Problem requirements
Check each line of the data below for the word "Wood", then extract the ones that have it.

--------

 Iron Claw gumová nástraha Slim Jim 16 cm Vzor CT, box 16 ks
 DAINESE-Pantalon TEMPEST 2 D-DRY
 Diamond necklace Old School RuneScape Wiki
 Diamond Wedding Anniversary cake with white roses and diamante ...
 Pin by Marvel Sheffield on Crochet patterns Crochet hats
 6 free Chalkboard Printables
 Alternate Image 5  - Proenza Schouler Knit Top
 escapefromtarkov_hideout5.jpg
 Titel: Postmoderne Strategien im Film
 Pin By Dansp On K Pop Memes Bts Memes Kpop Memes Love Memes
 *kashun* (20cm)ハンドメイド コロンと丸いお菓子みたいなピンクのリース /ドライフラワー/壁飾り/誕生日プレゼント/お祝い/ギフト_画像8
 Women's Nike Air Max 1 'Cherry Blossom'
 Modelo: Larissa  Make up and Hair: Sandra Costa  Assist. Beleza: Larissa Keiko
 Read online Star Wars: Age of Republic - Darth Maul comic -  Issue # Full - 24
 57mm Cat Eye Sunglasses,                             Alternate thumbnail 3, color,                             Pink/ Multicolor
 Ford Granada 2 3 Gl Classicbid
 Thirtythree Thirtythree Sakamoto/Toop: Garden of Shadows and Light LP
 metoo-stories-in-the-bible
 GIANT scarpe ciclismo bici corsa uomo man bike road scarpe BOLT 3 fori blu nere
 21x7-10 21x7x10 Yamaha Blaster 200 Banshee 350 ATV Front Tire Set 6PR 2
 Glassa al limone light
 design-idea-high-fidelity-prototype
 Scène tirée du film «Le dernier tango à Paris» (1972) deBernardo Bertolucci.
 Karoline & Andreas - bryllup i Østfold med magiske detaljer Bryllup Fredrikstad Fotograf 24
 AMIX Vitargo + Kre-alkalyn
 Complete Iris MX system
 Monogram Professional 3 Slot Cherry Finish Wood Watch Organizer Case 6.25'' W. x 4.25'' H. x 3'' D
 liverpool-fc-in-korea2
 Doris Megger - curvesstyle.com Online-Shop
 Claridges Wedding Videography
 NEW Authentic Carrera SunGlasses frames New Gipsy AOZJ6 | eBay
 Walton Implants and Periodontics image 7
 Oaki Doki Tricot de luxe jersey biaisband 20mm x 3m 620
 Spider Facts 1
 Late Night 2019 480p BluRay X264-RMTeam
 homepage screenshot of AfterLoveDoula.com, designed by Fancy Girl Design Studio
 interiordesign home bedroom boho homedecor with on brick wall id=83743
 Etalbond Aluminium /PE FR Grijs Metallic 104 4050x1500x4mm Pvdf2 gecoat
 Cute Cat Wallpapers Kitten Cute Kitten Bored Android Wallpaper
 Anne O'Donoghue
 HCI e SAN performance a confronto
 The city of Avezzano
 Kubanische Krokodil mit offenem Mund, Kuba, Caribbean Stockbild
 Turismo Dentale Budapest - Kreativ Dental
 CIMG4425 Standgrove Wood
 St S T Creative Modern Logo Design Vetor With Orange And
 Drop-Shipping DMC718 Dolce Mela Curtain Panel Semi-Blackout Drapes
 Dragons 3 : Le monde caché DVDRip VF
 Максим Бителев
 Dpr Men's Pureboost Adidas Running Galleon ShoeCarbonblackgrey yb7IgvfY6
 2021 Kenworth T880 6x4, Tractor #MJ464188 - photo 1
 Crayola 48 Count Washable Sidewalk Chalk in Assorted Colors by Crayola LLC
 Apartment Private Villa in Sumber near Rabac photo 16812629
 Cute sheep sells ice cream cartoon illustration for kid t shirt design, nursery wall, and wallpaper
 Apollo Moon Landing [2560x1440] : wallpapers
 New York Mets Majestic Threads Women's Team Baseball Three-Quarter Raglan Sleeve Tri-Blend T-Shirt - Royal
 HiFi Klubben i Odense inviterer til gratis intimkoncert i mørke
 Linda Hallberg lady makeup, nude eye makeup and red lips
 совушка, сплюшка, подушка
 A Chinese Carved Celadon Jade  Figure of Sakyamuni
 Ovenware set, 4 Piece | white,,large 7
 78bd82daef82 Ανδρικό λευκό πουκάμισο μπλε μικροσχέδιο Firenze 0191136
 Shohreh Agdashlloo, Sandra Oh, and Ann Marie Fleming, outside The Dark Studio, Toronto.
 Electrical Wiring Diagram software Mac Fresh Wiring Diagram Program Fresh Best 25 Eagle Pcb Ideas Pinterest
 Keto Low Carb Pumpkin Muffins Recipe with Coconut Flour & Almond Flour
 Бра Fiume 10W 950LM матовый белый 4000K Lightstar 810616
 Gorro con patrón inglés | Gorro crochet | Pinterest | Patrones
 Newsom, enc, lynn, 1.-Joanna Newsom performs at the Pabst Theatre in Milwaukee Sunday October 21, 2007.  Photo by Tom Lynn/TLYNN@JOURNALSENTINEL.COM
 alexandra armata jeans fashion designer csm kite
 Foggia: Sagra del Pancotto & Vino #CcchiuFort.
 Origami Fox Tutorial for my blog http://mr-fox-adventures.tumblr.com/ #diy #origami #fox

--------

Answer space
 Monogram Professional 3 Slot Cherry Finish Wood Watch Organizer Case 6.25'' W. x 4.25'' H. x 3'' D
 CIMG4425 Standgrove Wood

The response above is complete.